== PROVIDED RECORDS ==
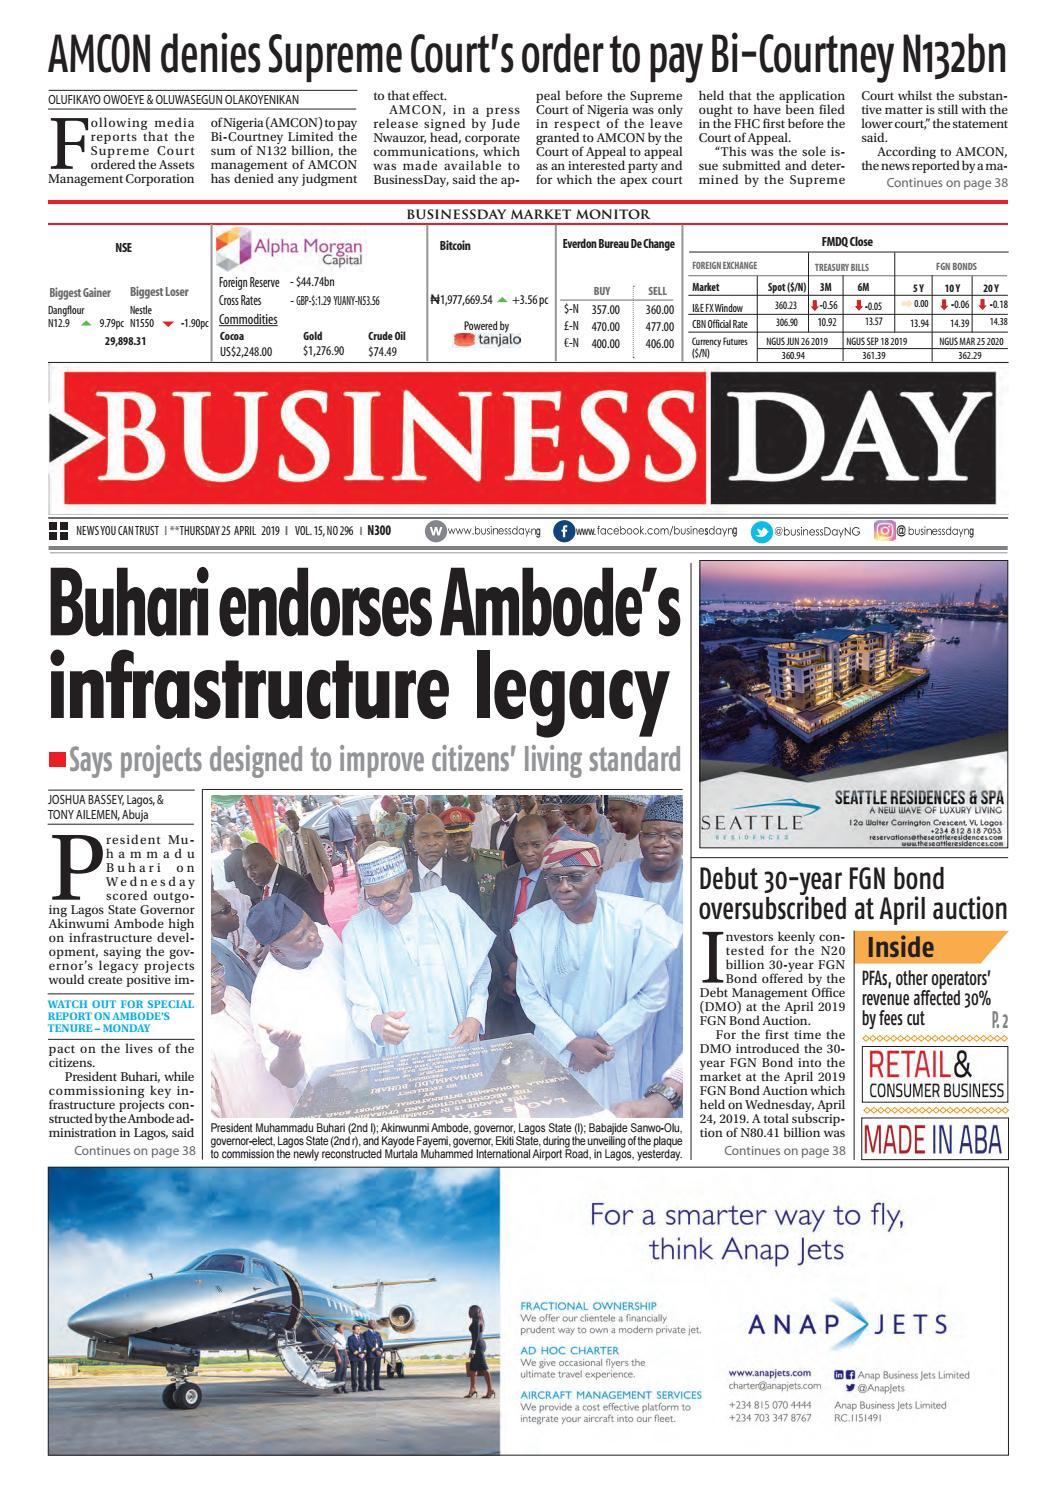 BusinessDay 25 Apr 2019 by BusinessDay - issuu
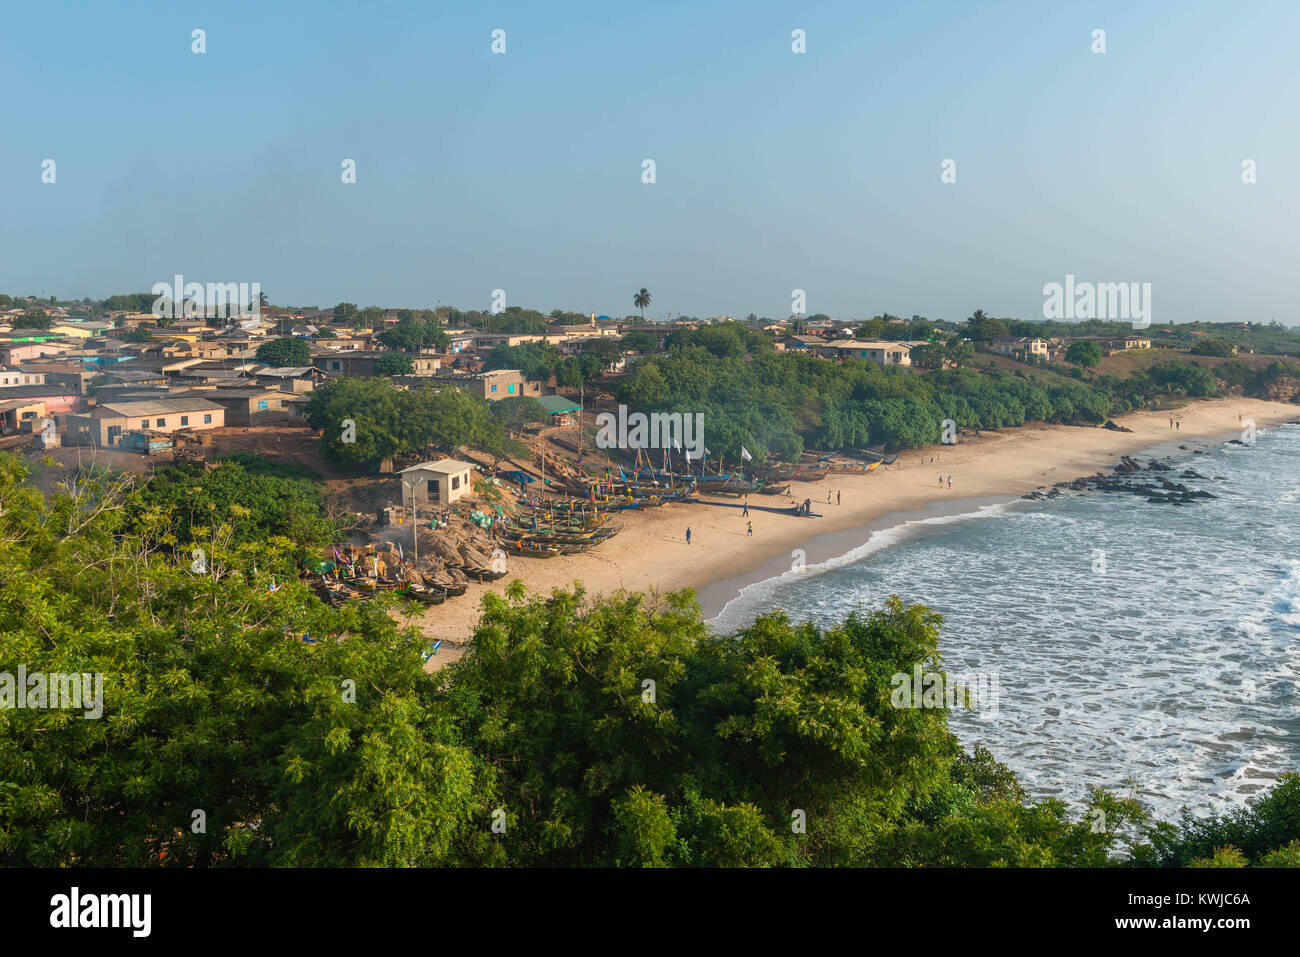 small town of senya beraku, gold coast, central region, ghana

...

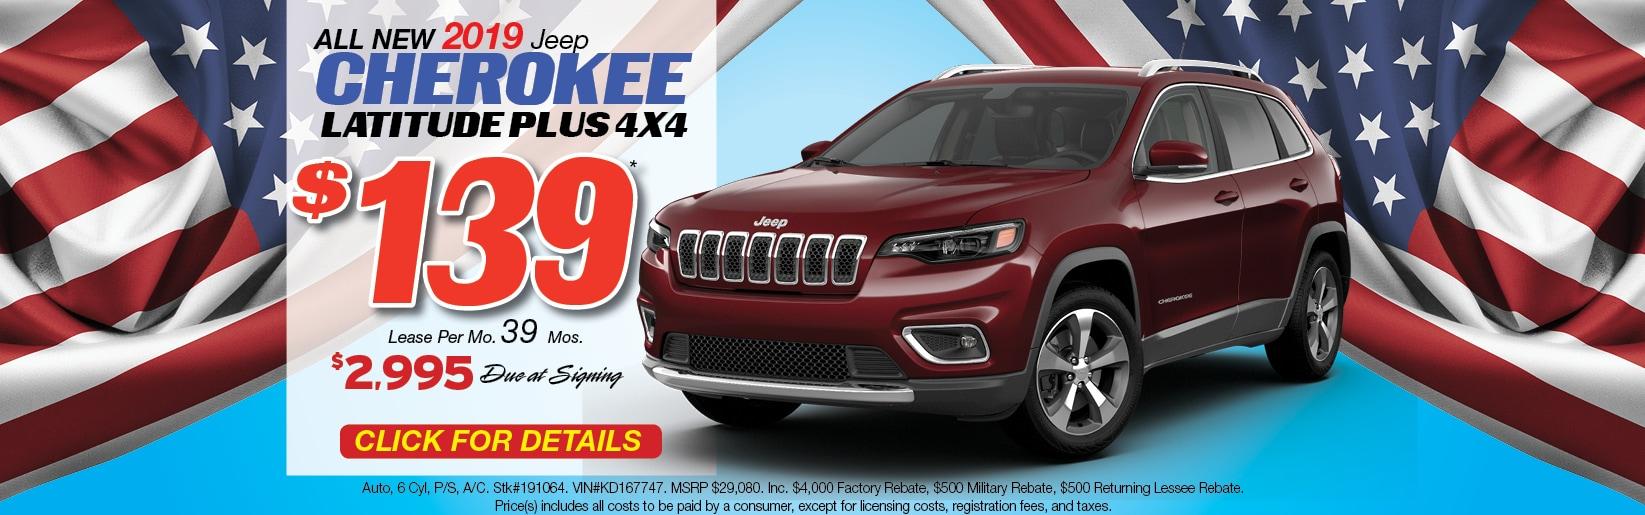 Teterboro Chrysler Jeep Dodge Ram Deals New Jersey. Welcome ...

== YOUR INSTRUCTIONS ==
Reproduce exactly, with no pictures, the lines above from the one holding "BusinessDay 25 Apr" to the one holding "small town of", inclusive.

== EXERCISE RESULT ==
 BusinessDay 25 Apr 2019 by BusinessDay - issuu
 small town of senya beraku, gold coast, central region, ghana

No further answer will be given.